Первое лето - Попов Георгий Леонтьевич. Страница 3

— Что это? — спросил я шепотом, точно боялся, что нас могут услышать.

— А я знаю,— зябко передернул плечами Димка.

Мы снова легли. Каждый из нас делал вид, что засыпает. Но я-то понимал, что Димке сейчас не до сна. Мне стало страшно, как бывает перед лицом чего-то таинственного, пусть это таинственное и не представляет прямой опасности.

Такое чувство я испытал, когда мы жили в деревне. Отец взял меня с собой на пашню, на бригадный стан. Вечером все сидели у костра и ужинали. За день люди умаялись возле молотилки и сейчас отходили понемногу, начинали шутить и смеяться. И в это время кто-то из женщин ахнул: «Смотрите, страх какой!» Все обернулись. Из темноты горели чьи-то огромные немигающие глаза. Наступила минутная заминка. Потом дядя Иван, отцов брат, схватил вилы и двинулся на те глаза:

— А ну, мужики!

За ним двинулись еще пять-шесть человек. Каждый вооружился вилами или палкой, кому что попалось под руку.

Шагах в тридцати от бригадного стана пролегала дорога, за дорогой стояли стожки сена. На одном из них и горели глаза неизвестного чудовища.
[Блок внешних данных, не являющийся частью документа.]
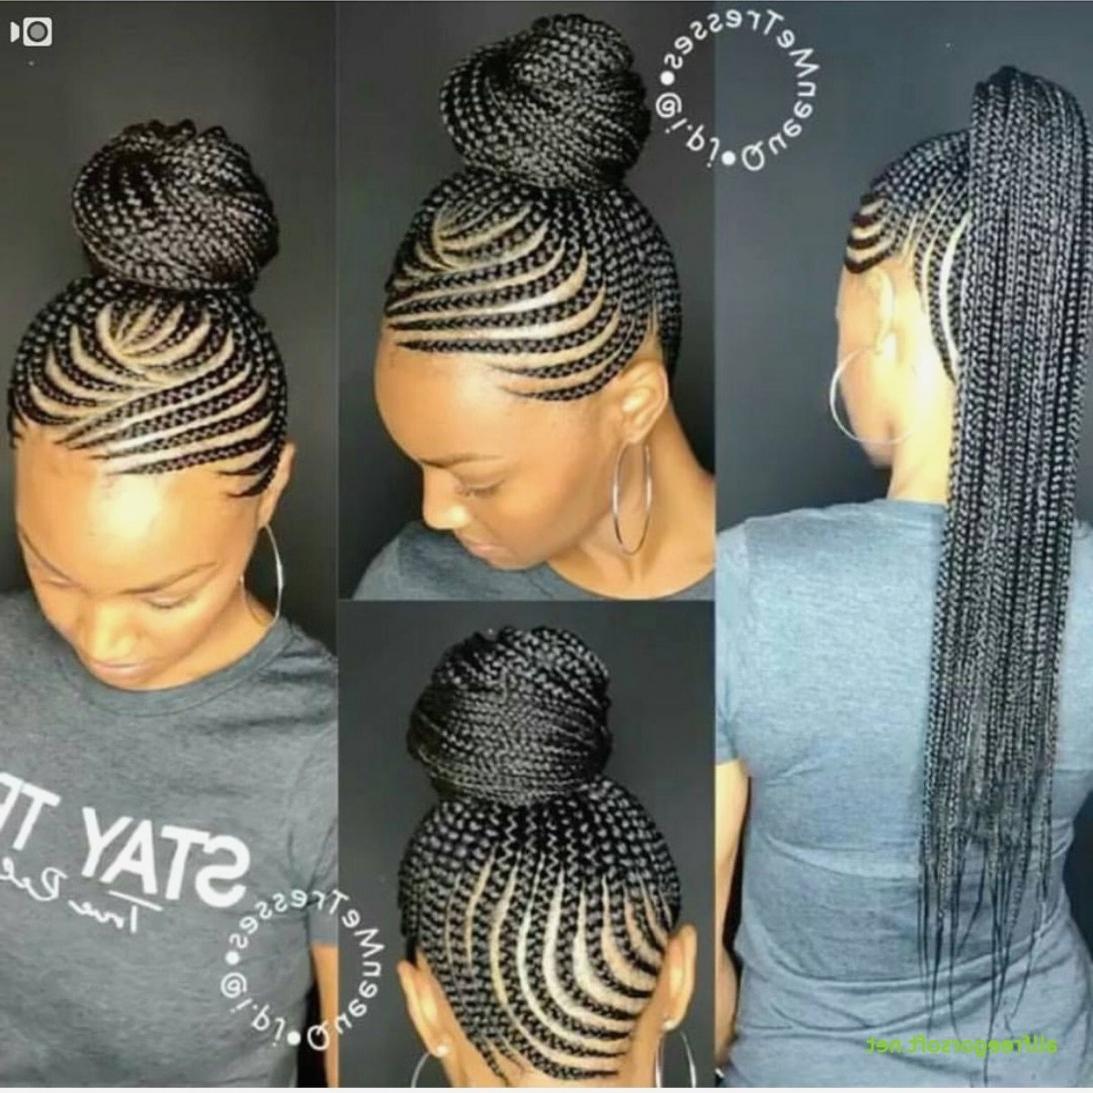 Black Girl Braided Hairstyles Inspirational Braid Hairstyles Black With Regard To Newest Braided Hairstyles For Black Girls (View 13 of 15)

Мне было тогда лет семь, я еще не ходил в школу, и очень перетрусил. Сначала я прижимался к отцу, а когда тот ушел с мужиками, захватив топор, которым повариха колола дрова,— прилип к ней, к поварихе. Она крепко обняла меня, шепнула на ухо: «Что ты, глупый? Это, наверное, кто-то озорует...» Но руки и у нее дрожали.

Это и в самом деле оказалась шутка, подстроенная кем-то из ребят. Известная история с выдолбленной тыквой и зажженой внутри тыквы свечкой... И хотя скоро все открылось, можно было и посмеяться,— людям было не до смеха.

Так и теперь. Мы оба — Димка и я — делали вид, что спим, и оба не спали. Я согрелся от Димкиной спины и перевернулся на другой бок. Перевернулся и Димка. Я напряг слух, затаил дыхание. Напряг слух, затаил дыхание и Димка. Иногда я приподнимал полу пальтишка, которым мы укрывались, и вглядывался в кромешную темень. И тотчас то же самое делал и Димка.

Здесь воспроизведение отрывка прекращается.